Городничий был куда как мил, Хлестаков оживал, расцветал, понимал, что в его судьбе случилось нечто необыкновенное. Спектакль и дальше сохранит в герое эту удивленную ноту, а вместе с ней мысль о том, что пущенная в ход государственная машина вначале перемалывает человека, а потом лепит из него то, что ей нужно. Антон Антонович человек уже вылепленный. Иван Александрович тоже перемолот и создается заново и в кого обратится — тоже можно распознать, но на самом дне его души есть что-то, что трепещет из последних сил. Когда Хлестаков, уже жених, прощается с Марьей Антоновной, на его глазах непритворные слезы. Сердце его, хоть на минуту, но с этим домом, где ему было так хорошо, с этой девушкой, которая у Теняковой не проста и не однозначна вовсе. И потому, когда городничий спросил его: «Да не нужно ли вам в дорогу чего-нибудь?», Хлестаков едва ли не с плачем восклицает: «О нет, к чему это?» Деньги он, правда, потом возьмет и коврик для брички тоже, но как-то потерянно, без азарта, без охоты. Возьмет еще потому, что увидит сердитый взгляд Осипа, и не посмеет отказаться.
И опять-таки театр не побоится, что шевельнется у нас в душе нечто похожее на сострадание. Человек погублен, живая душа в нем пропала — не один ведь тут только смех. Да и как при одном смехе возникает гоголевский вопрос: «Отчего человек, рожденный для высокого, становится мучителем и разорителем ближнего своего?»

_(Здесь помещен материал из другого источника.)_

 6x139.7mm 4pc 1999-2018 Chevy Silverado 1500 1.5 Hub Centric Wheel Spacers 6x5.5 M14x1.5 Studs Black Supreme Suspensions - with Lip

Мы уже начали говорить о спектакле, потому что подробных репетиций больше не видели. Видели прогоны, и режиссер останавливал действие, когда что-то не ладилось, но больше тут ладилось, и нередко случалось такое, что только от души могло получиться. От души тех, чьей жизнью уже зажили исполнители.

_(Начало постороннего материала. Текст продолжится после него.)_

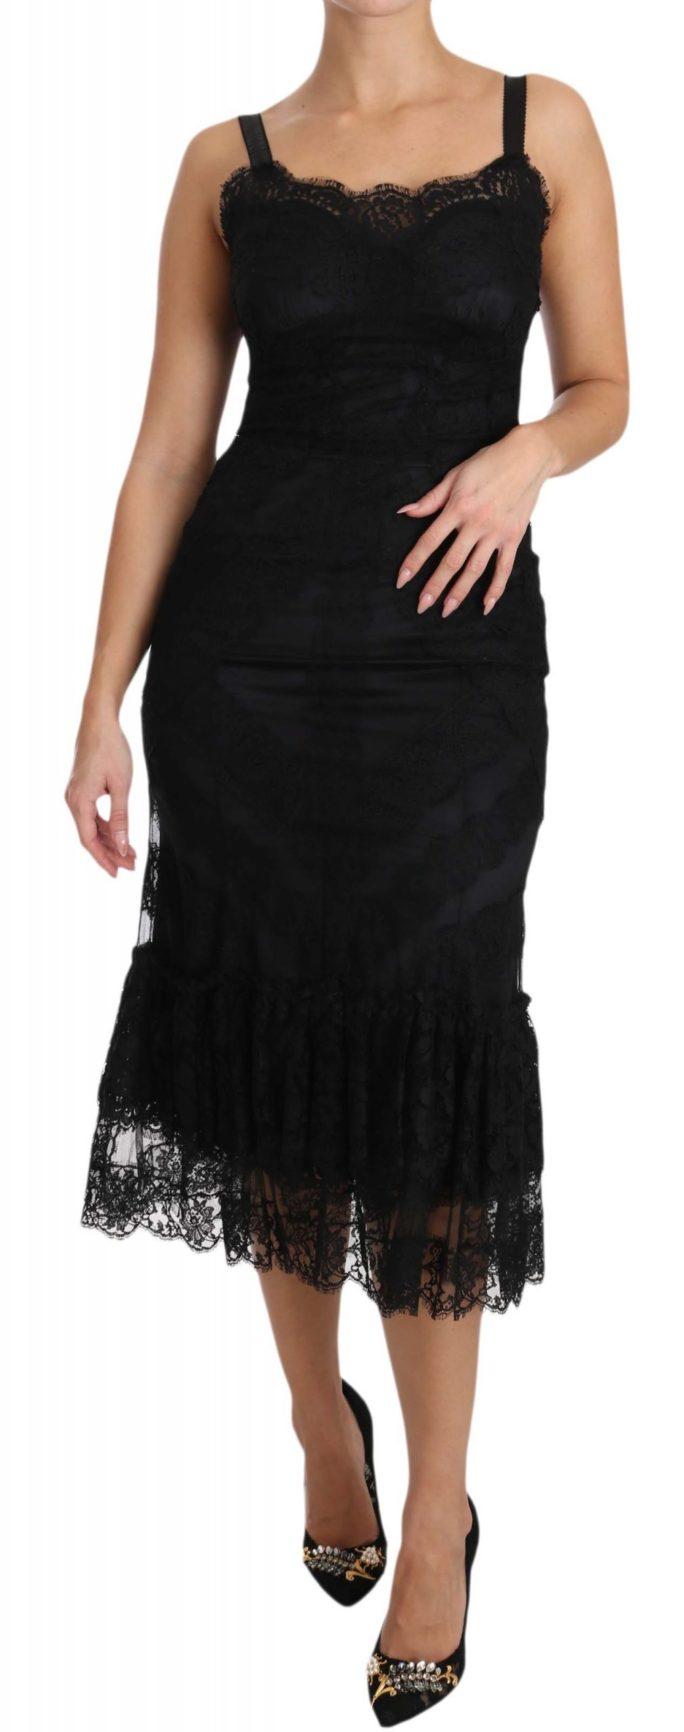 638540 Black Floral Lace Shift Gown Dress.jpg

Хлестаков в упоении после «фриштика» в богоугодном заведении. И губернская мадера там была, и бутылка толстобрюшки, и таинственная рыба лабардан. Все было прекрасно, и он разоткровенничался. Иван Александрович в подпитии и даже очень, однако смекнул, что разговоры о высших сферах приводят здешнюю публику в подобострастное изумление. (Товстоногов говорит: Хлестаков делает то, что от него ждут. Человек он недалекий, но интуиция у него есть — как радар. Именно поэтому начал свой рассказ с коллежского асессора, а кончил тем, что произвел себя в фельдмаршалы.)

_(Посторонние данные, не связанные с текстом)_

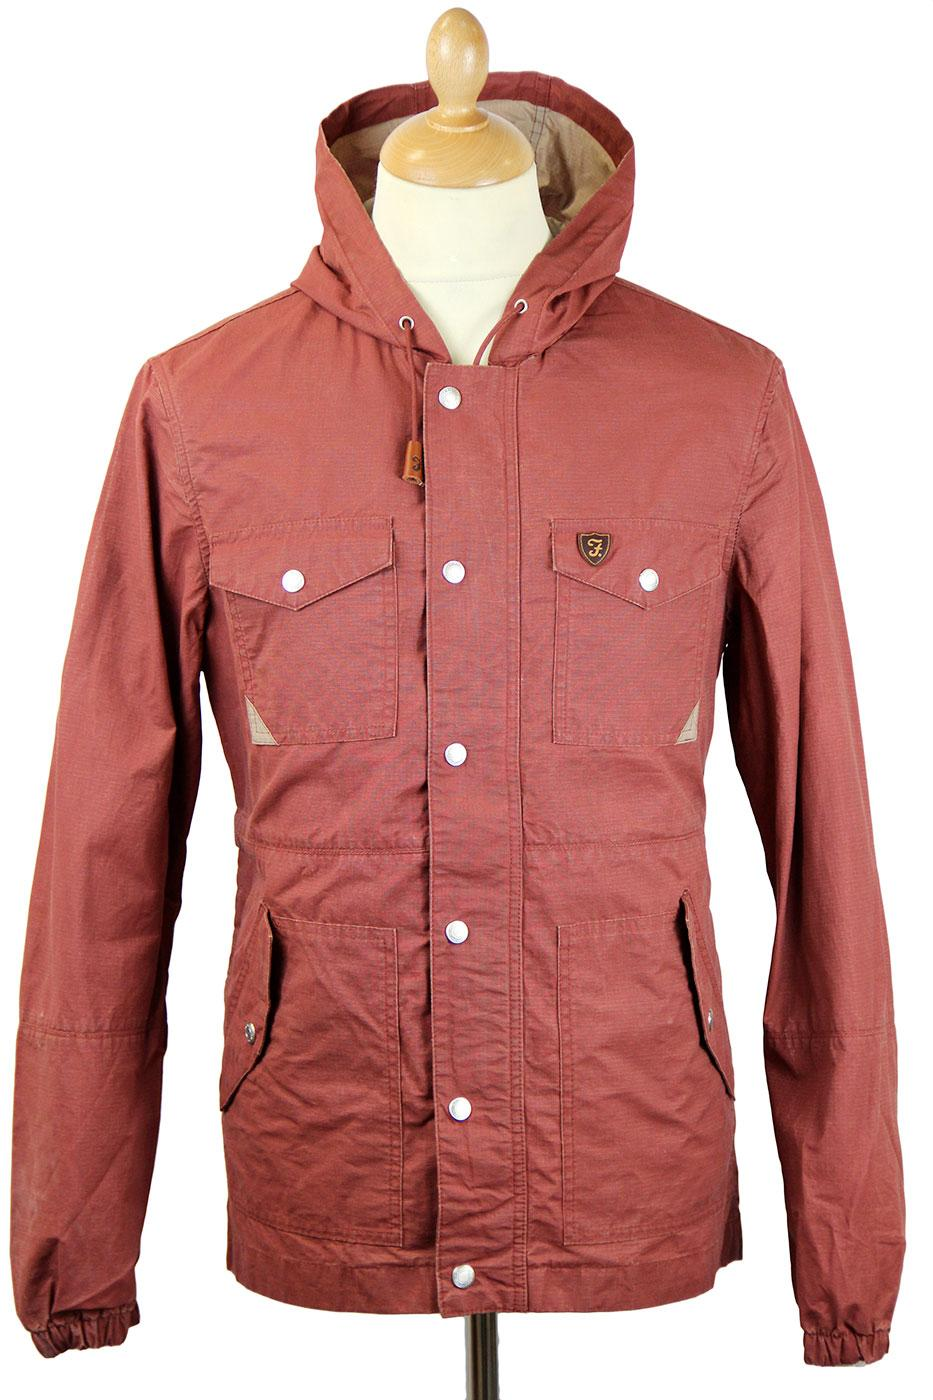 Boughton FARAH VINTAGE Mod 4 Pkt Rip Stop Jacket F

Мизансцена построена так, что Хлестаков — над слушателями: взобрался на клавикорды и оттуда ораторствует. Но вдруг, отчетливо увидев стоящих чиновников (до этого он на них тоже смотрел, но не видел), он приказывает им сесть: «Без чинов, прошу садиться. Я не люблю церемонии». Положение затруднительное — стул один, а их сам-шесть: и сесть нельзя, и отказаться немыслимо. И они садятся: теснясь, на краешек, опускаясь к ножкам стула, а бедный Хлопов, который, как всегда, мешкает, присаживается на колени «самому». «Что поделаешь, — словно говорит его скорбный взор в ответ на гневный взгляд городничего, — что поделаешь, я не виноват».